Dirichlet Active Learning
This work addresses active learning for scenarios with limited labeled data, particularly in graph-based domains, representing an incremental advancement with novel computational techniques.
The authors tackled the problem of active learning when labeled data is scarce by introducing Dirichlet Active Learning (DiAL), a Bayesian-inspired method that models feature-conditional class probabilities as a Dirichlet random field to improve calibration and enable classification and active learning, demonstrating competitiveness with state-of-the-art methods in low-label rate graph learning.
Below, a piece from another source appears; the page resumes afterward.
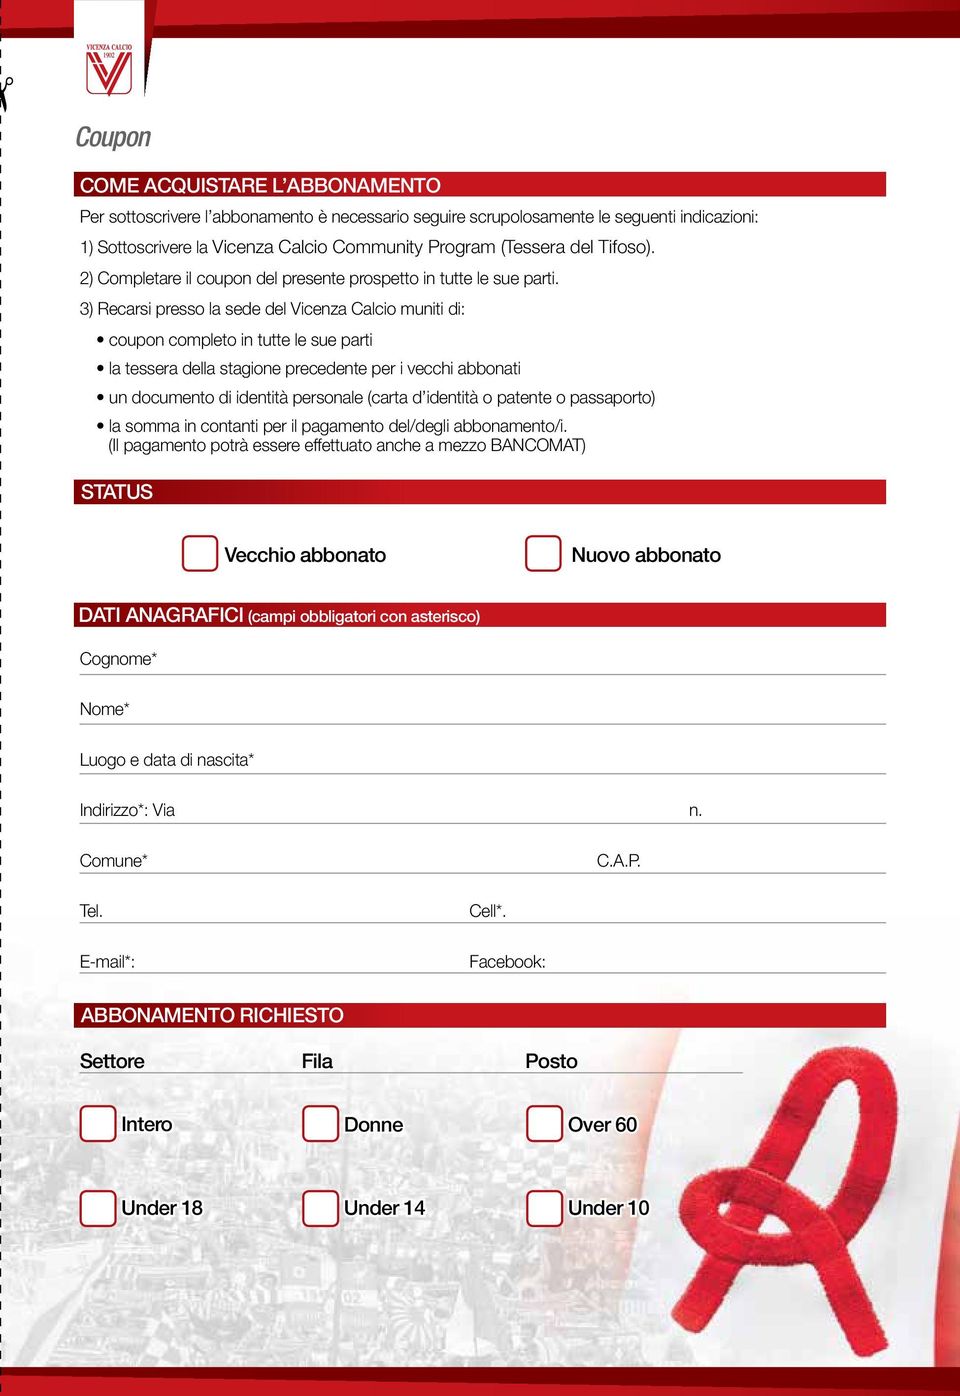 3) Recarsi presso la sede del Vicenza Calcio muniti di: coupon completo in tutte le sue parti la tessera della stagione precedente per i vecchi abbonati un documento di identità personale (carta d

This work introduces Dirichlet Active Learning (DiAL), a Bayesian-inspired approach to the design of active learning algorithms. Our framework models feature-conditional class probabilities as a Dirichlet random field and lends observational strength between similar features in order to calibrate the random field. This random field can then be utilized in learning tasks: in particular, we can use current estimates of mean and variance to conduct classification and active learning in the context where labeled data is scarce. We demonstrate the applicability of this model to low-label rate graph learning by constructing ``propagation operators'' based upon the graph Laplacian, and offer computational studies demonstrating the method's competitiveness with the state of the art. Finally, we provide rigorous guarantees regarding the ability of this approach to ensure both exploration and exploitation, expressed respectively in terms of cluster exploration and increased attention to decision boundaries.